Authentication

GFN uses JWT-based authentication for both client-server communication and inter-service authentication on the rig.

Client Authentication

JWT Token

From vendor_beautified.js:

// JWT token injection into WebRTC/streaming requests
case 1: st("GFNJWT ", token)   // Prepends "GFNJWT " to token
authTokenCallback()             // Callback for token refresh

The GFNJWT prefix distinguishes GFN tokens from other auth schemes.

IPC Bridge Commands

SET_AUTH_INFO    ← Full authentication info object
SET_AUTH_TOKEN   ← JWT token string

LOFN Key

The LofnKeyInfoDef protobuf and lofnDataSendTimeoutMs suggest an encryption key exchange mechanism (LOFN = likely "Local On-Rig Negotiation"):

{
  "GcisConnector": {
    "lofnDataSendTimeoutMs": 3000
  }
}

Server-Side Authentication

Provision Manager (PM) Auth

PM communication uses mutual TLS:

{
  "PMConnector": {
    "authEnabled": true,
    "nonceLengthBytes": 16,
    "crlCacheTimeMin": 720,
    "cipherList": "ECDHE-ECDSA-CHACHA20-POLY1305:ECDHE-RSA-CHACHA20-POLY1305:..."
  }
}

Server certificate requirements:

• CN: pm.np-ams-06.svc.cluster.local
• Issuer: GFN PM - API Server Zone NP-AMS-06 CA 02

GSG (Game Seat Gateway) Auth

API key-based authentication, refreshed every 5 minutes:

{
  "GSGConnector": {
    "apiKeyRefreshPeriodSec": 300
  }
}

Auth Info Protobuf

AuthInfoDef covers:

• Authentication protocol types
• Error codes for auth failures
• Token validation states

AuthorizationInfoDef covers:

• User authorization time limits
• Storage authorization
• User identity data

Entitlement Codes

From AuthInfoDef and EntitlementInfoDef:

Code	Description
INVALID__AUTHENTICATION_MALFORMED_STATUS	Malformed auth token
INVALID__AUTHENTICATION_NOT_FOUND_STATUS	Auth not found
INVALID__AUTHENTICATION_EXPIRED_STATUS	Token expired
INVALID__AUTHENTICATION_CREDENTIALS_STATUS	Bad credentials
INVALID__AUTHENTICATION_UNKNOWN_TOKEN_STATUS	Unknown token type
INVALID__AUTHENTICATION_EMAIL_NOT_VERIFIED_STATUS	Email unverified
INVALID__AUTHENTICATION_UNSUPPORTED_PROTOCOL_STATUS	Unsupported protocol
AUTH__FAILURE_STATUS	Generic auth failure
ENTITLEMENT__FAILURE_STATUS	Entitlement check failed
EULA__UNACCEPTED_STATUS	EULA not accepted

Steam Authentication

Steam sessions use dedicated protobuf types:

• SteamSessionDef — Steam session with launch parameters
• SteamTokenFilesSessionDef — Steam auth token files for login

Steam-specific error codes:

Code	Description
STEAM__GUARD_REQUIRED_STATUS	Steam Guard 2FA required
STEAM__GUARD_INVALID_STATUS	Invalid Steam Guard code
STEAM__LOGIN_REQUIRED_STATUS	Steam login required
STEAM__PROFILE_PRIVATE_STATUS	Steam profile is private

UEK (User Encryption Key)

UEK__RETRIEVAL_FAILED

The User Encryption Key is used for encrypting user save data in cloud storage. If retrieval fails, cloud saves may be unavailable.

SSH Key (Linux GameSeat)

For GameSeat2 (Linux backend) SSH access:

LinuxGameseatSshPubKey: ssh-rsa AAAAB3NzaC1yc2EAAAADAQAB...

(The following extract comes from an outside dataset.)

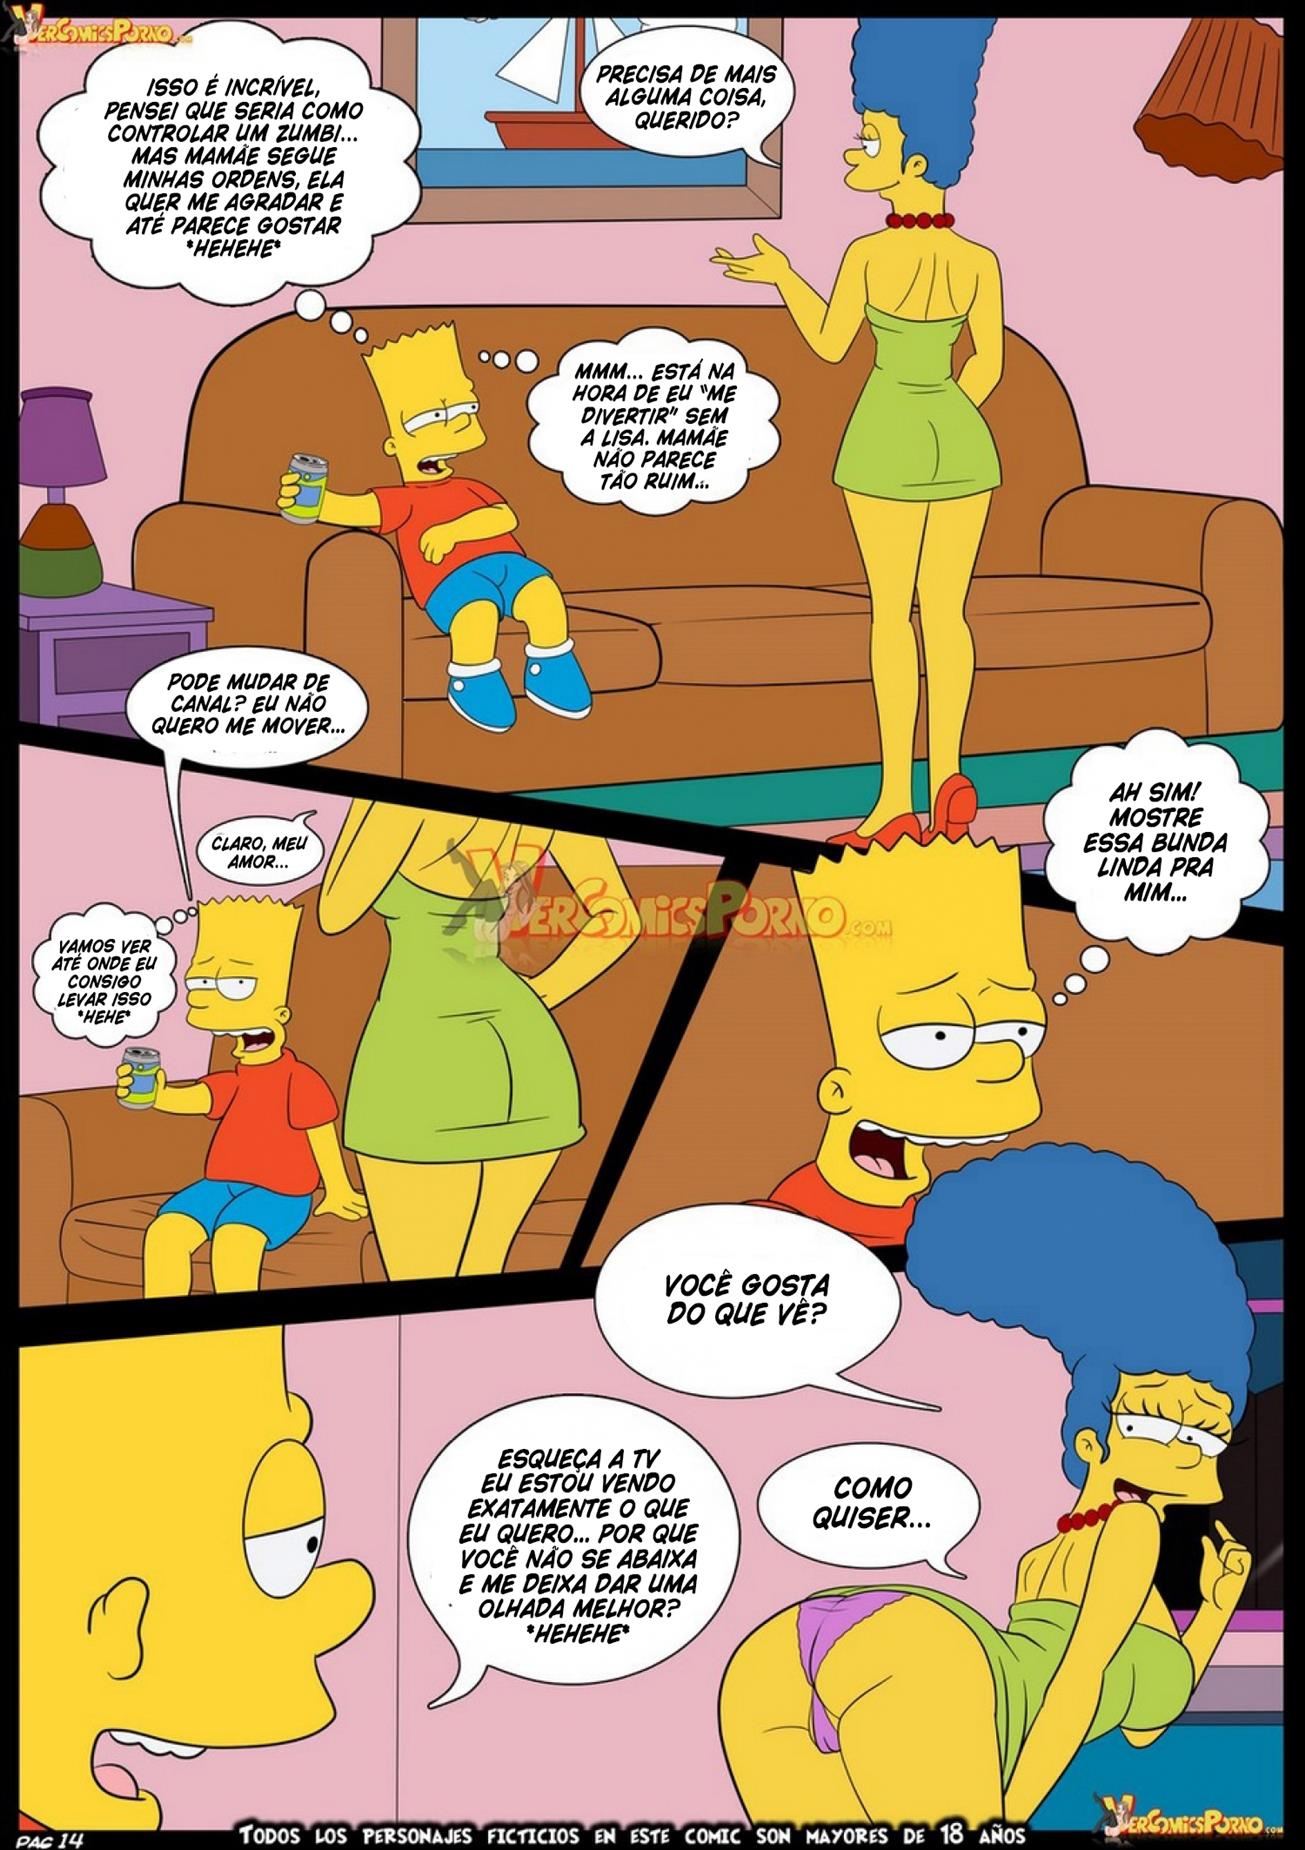 Simpson-Futurama: O controle mental - Foto 15

A 4096-bit RSA key used for backend SSH communication.

AWS Credentials (UAD ML)

The UadMLPlugin uses dedicated AWS credentials for SageMaker access (from secure_userdata.txt):

AwsAccesKeyId: AKIA45MWRG7CU2W6USPQ
EncryptionSecretKey: [redacted]

These credentials scoped to SageMaker inference endpoints only.